** Collected data follows **

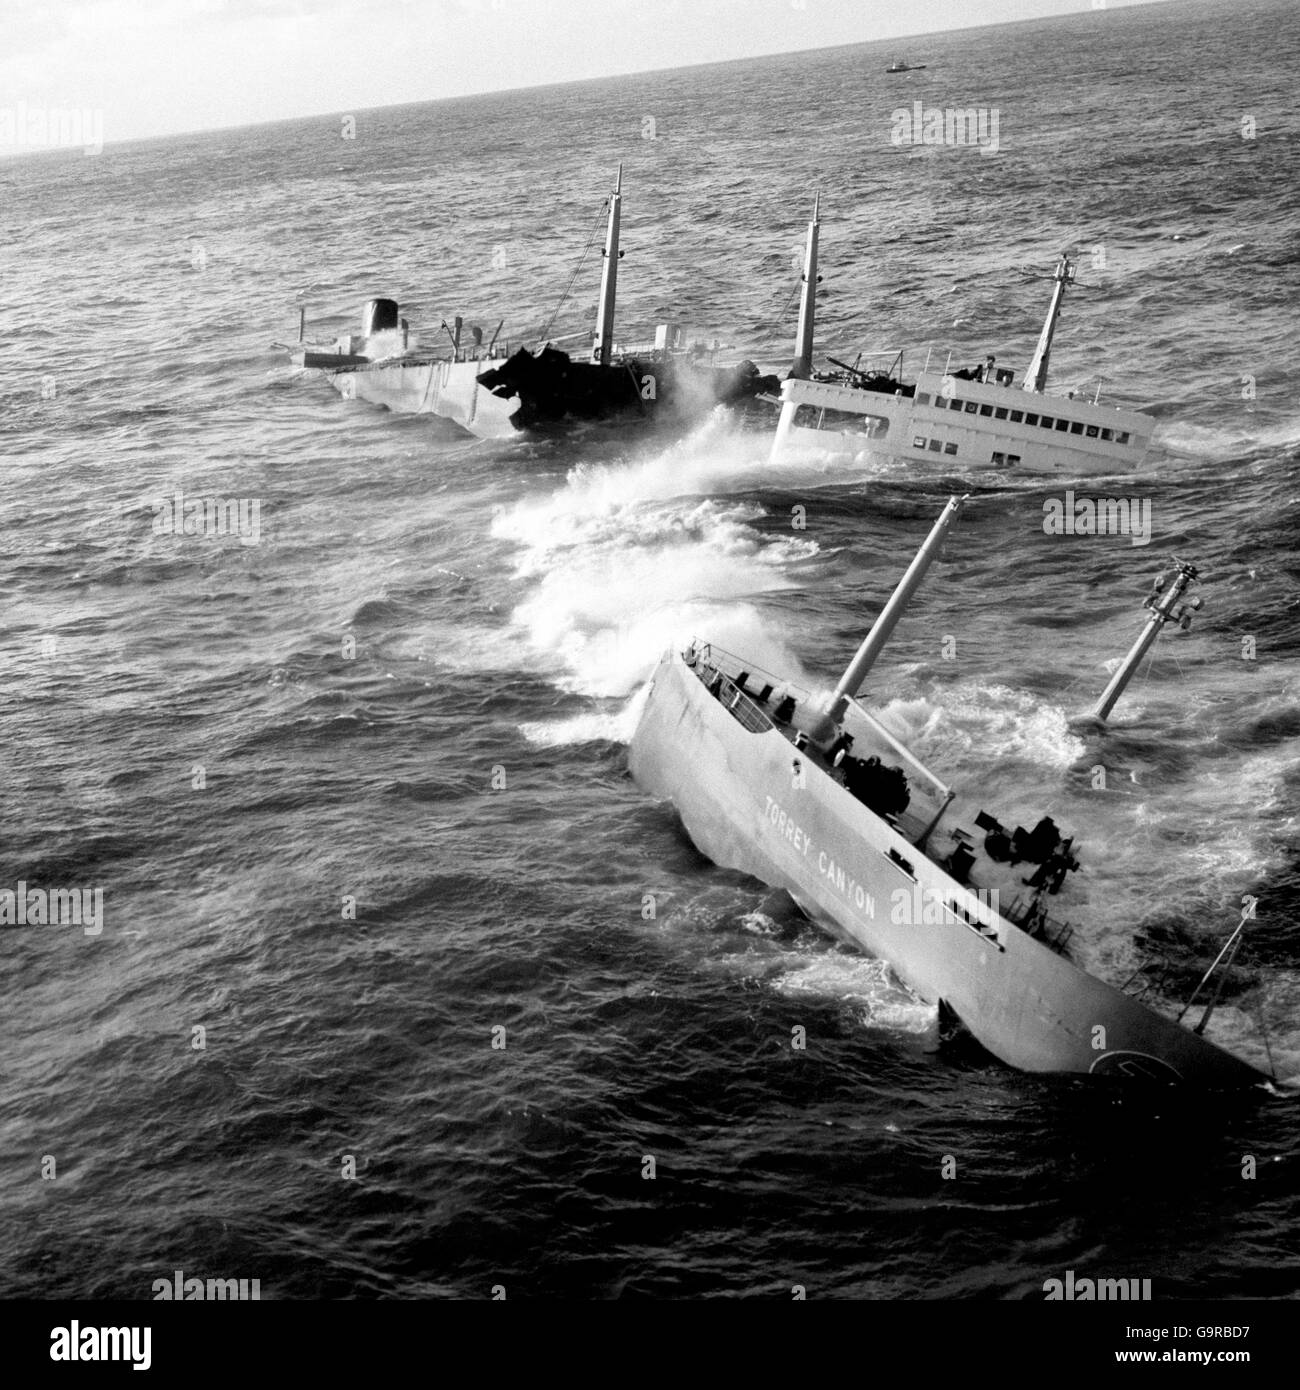 Now in three pieces - aft, bridge and forward section, the wreckage of the Torrey Canyon is seen being pounded by the seas on the Seven Stones reef of Land's End, Cornwall in this picture taken from a Royal Navy helicopter. Stock Photo
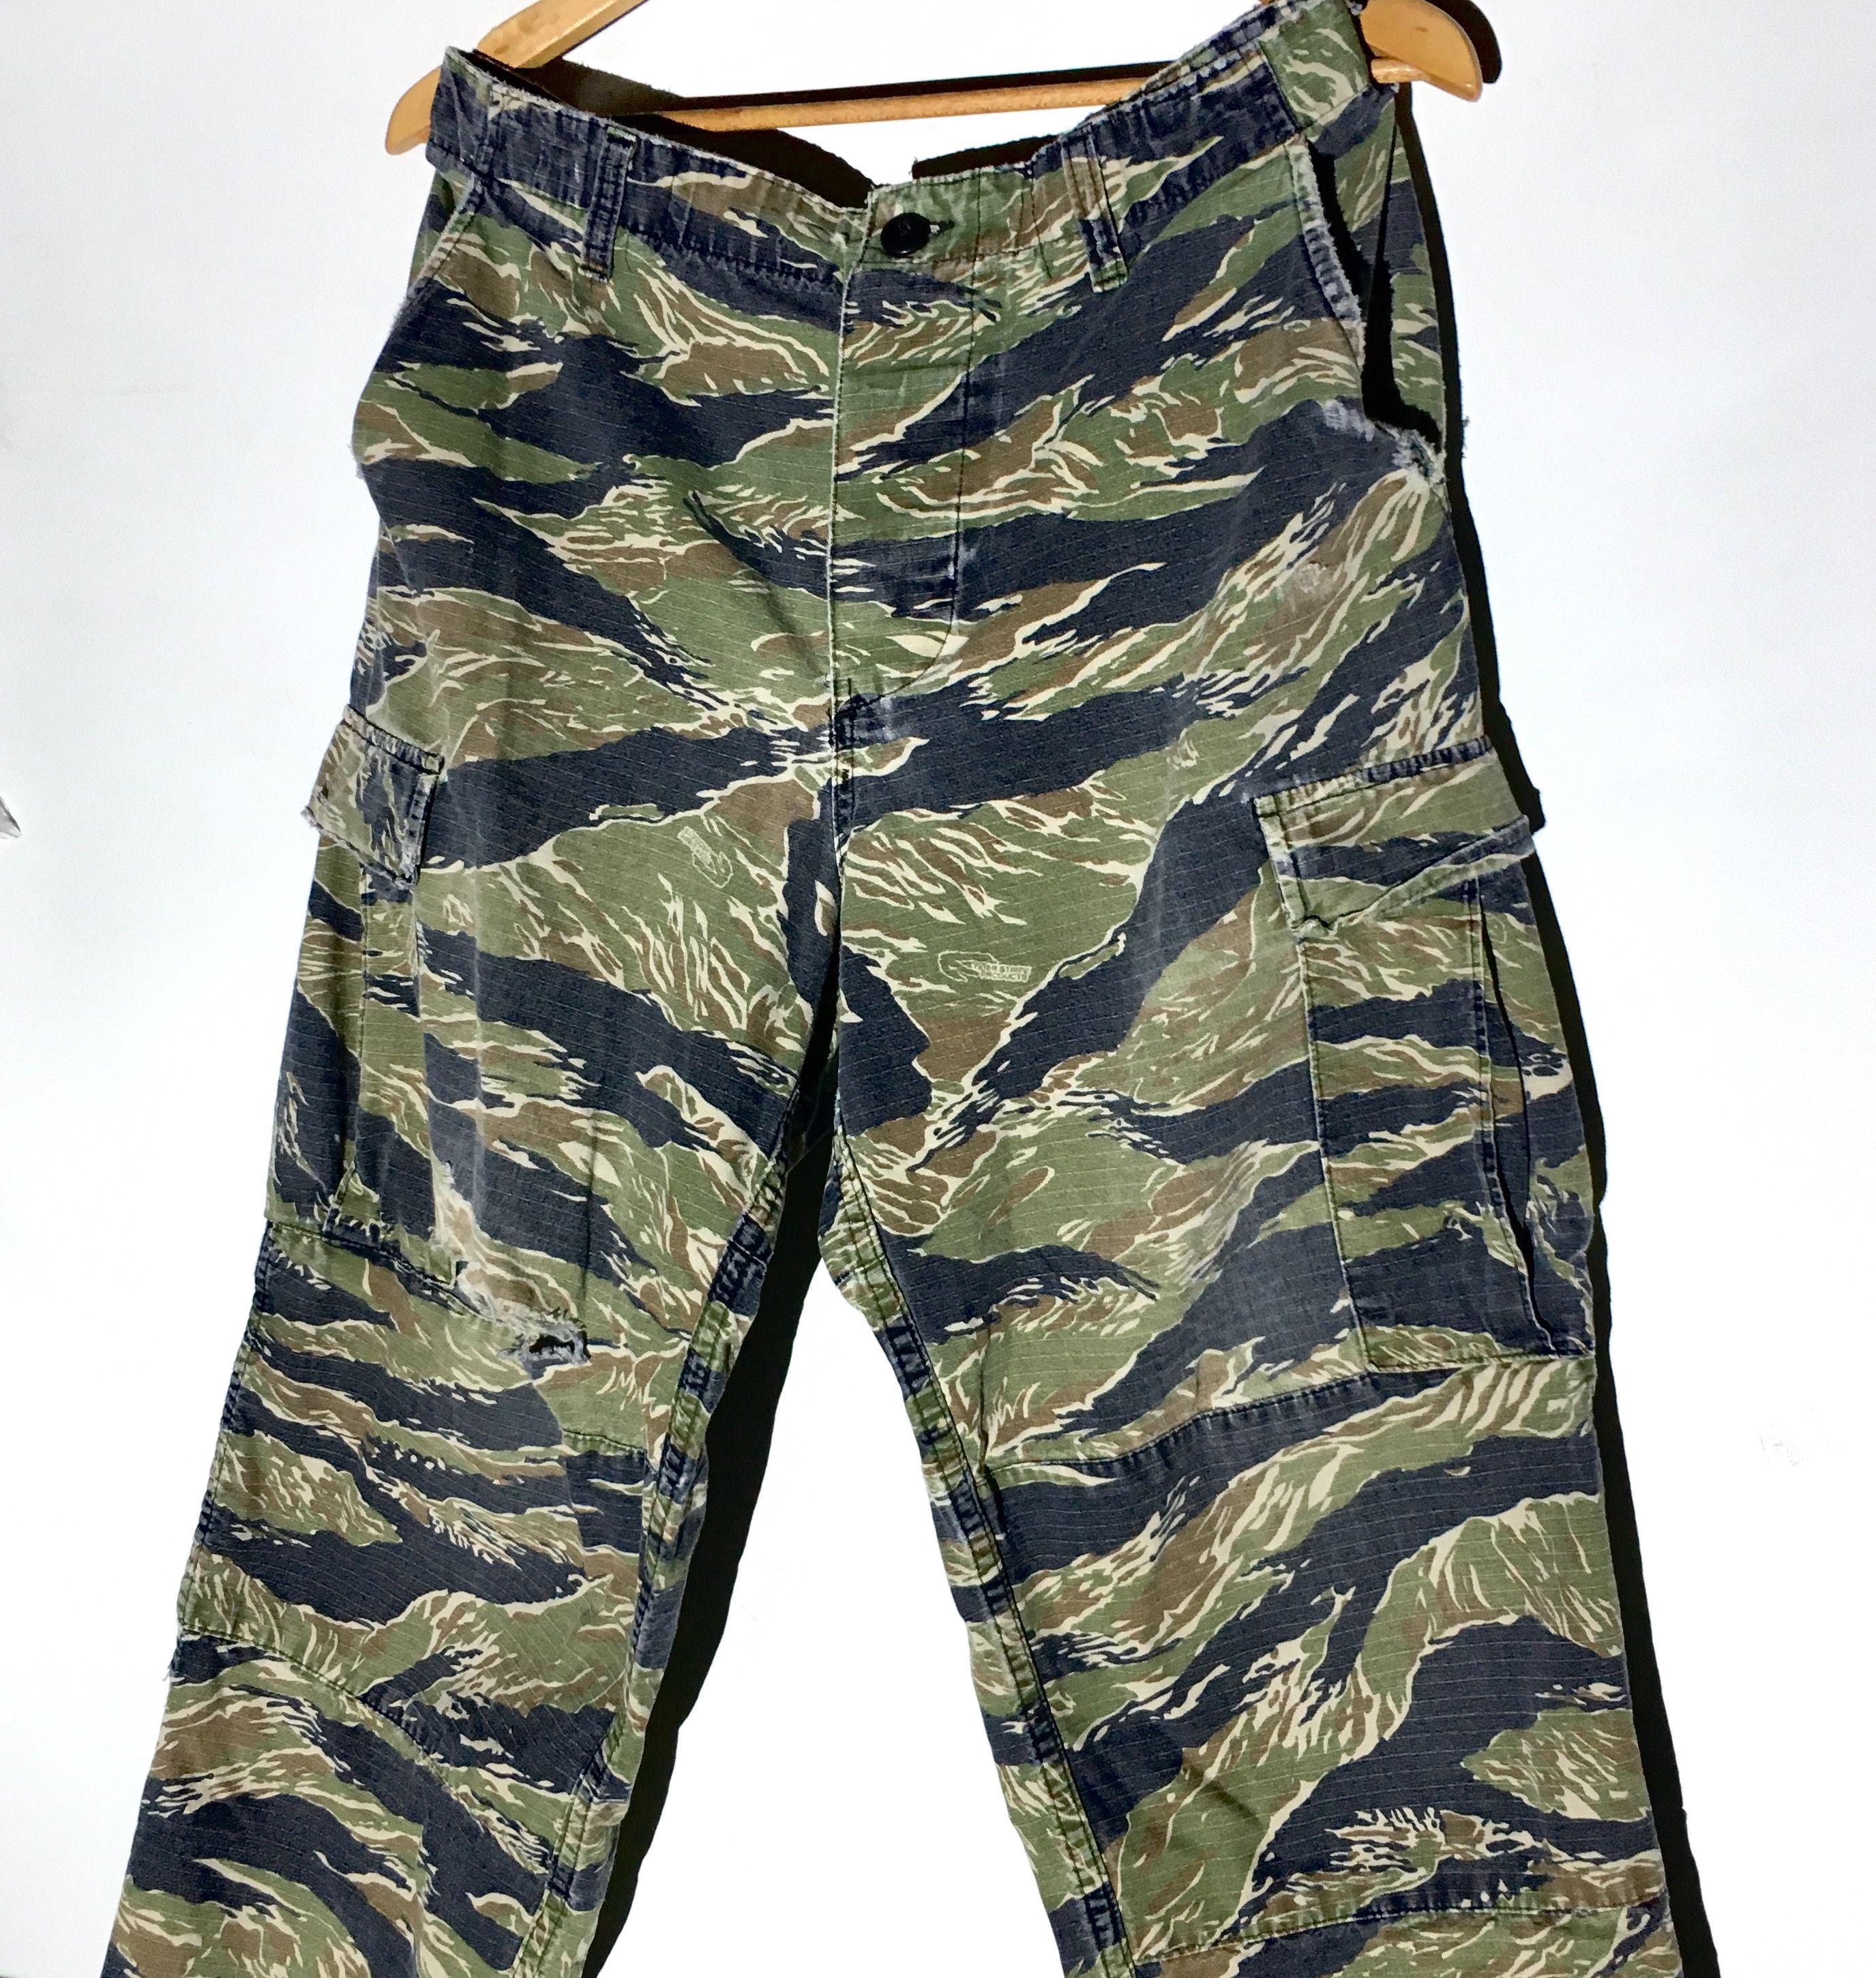 Vintage Vintage Military Issued Tiger Stripe Camo Cargo Pants Size US 32 / EU 48 - 1 Preview
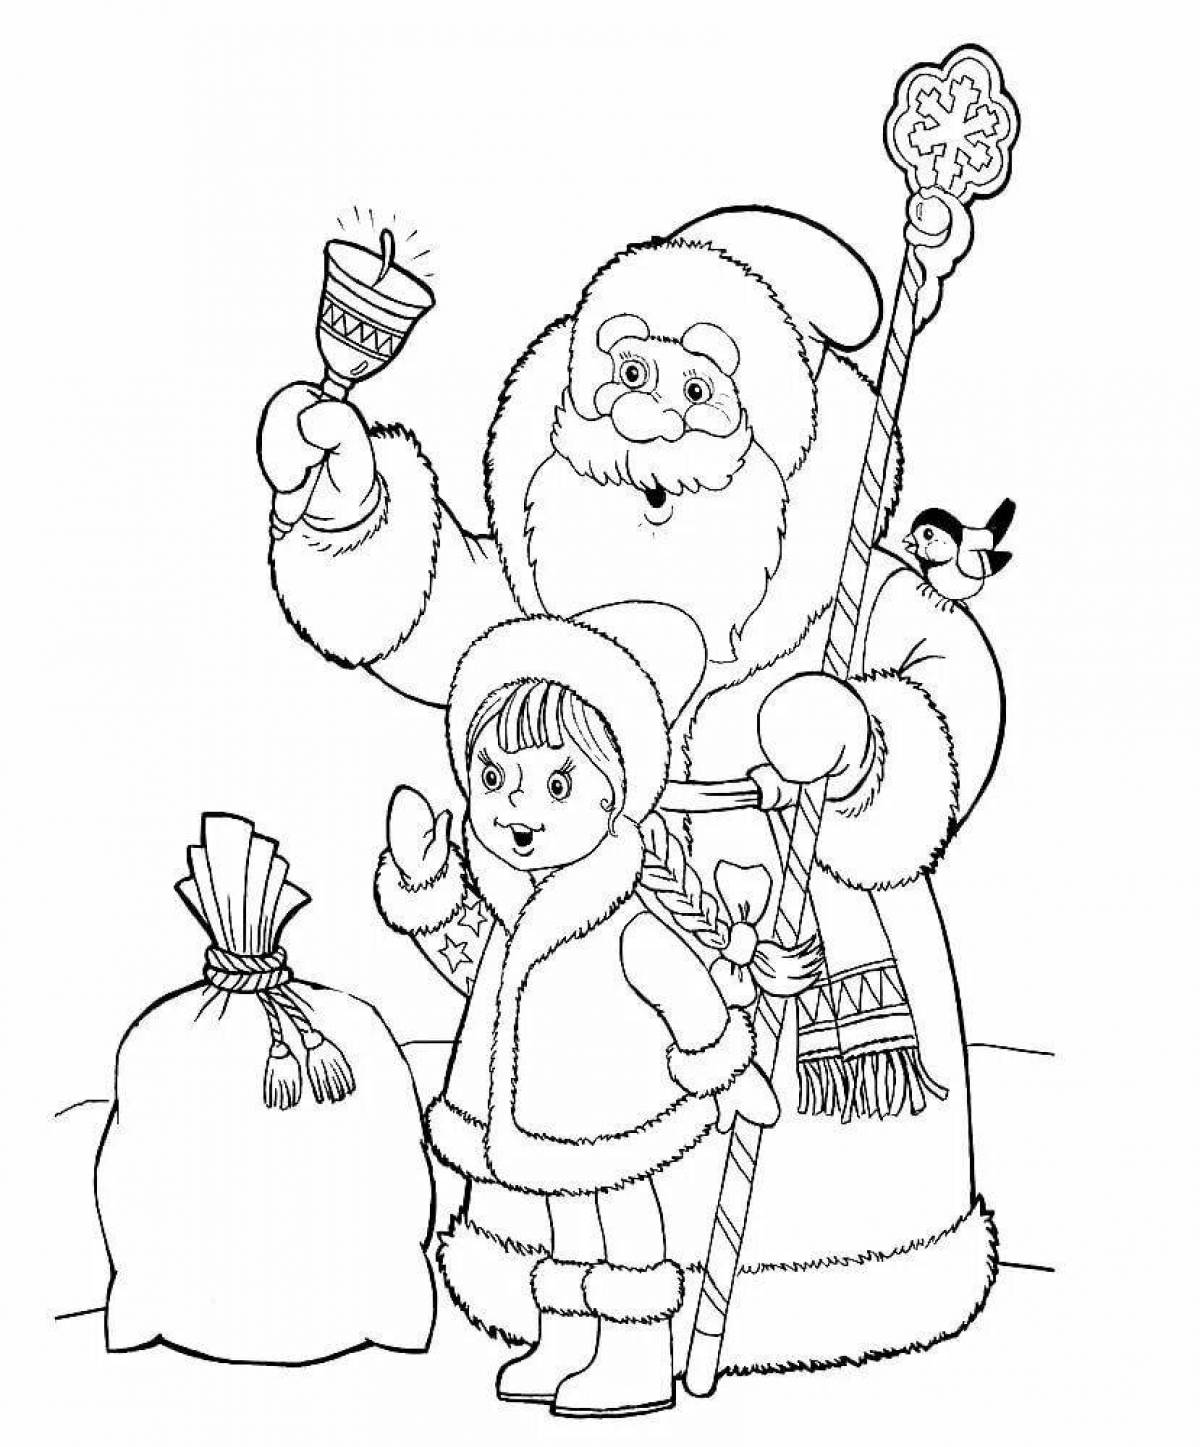 Glowing Santa Claus and Snow Maiden Christmas Coloring Pages
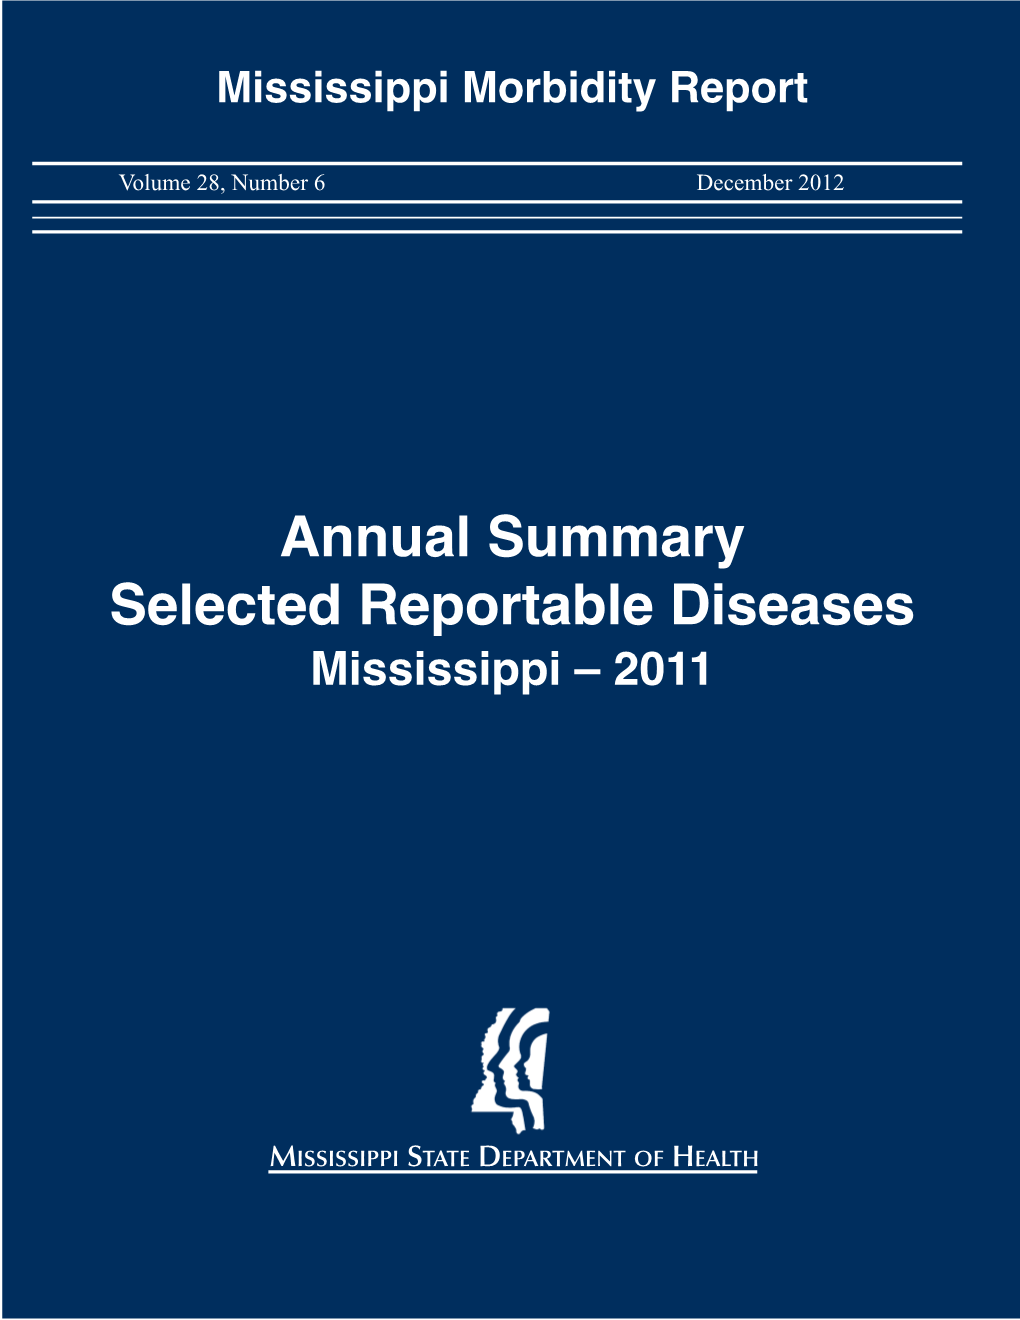 Annual Summary Selected Reportable Diseases Mississippi – 2011

** End of Collected data **

* Work order: Word-for-word transcription: the whole listing, with images excluded.

* Solution to this exercise:
 Now in three pieces - aft, bridge and forward section, the wreckage of the Torrey Canyon is seen being pounded by the seas on the Seven Stones reef of Land's End, Cornwall in this picture taken from a Royal Navy helicopter. Stock Photo
 Vintage Vintage Military Issued Tiger Stripe Camo Cargo Pants Size US 32 / EU 48 - 1 Preview
 Glowing Santa Claus and Snow Maiden Christmas Coloring Pages
 Annual Summary Selected Reportable Diseases Mississippi – 2011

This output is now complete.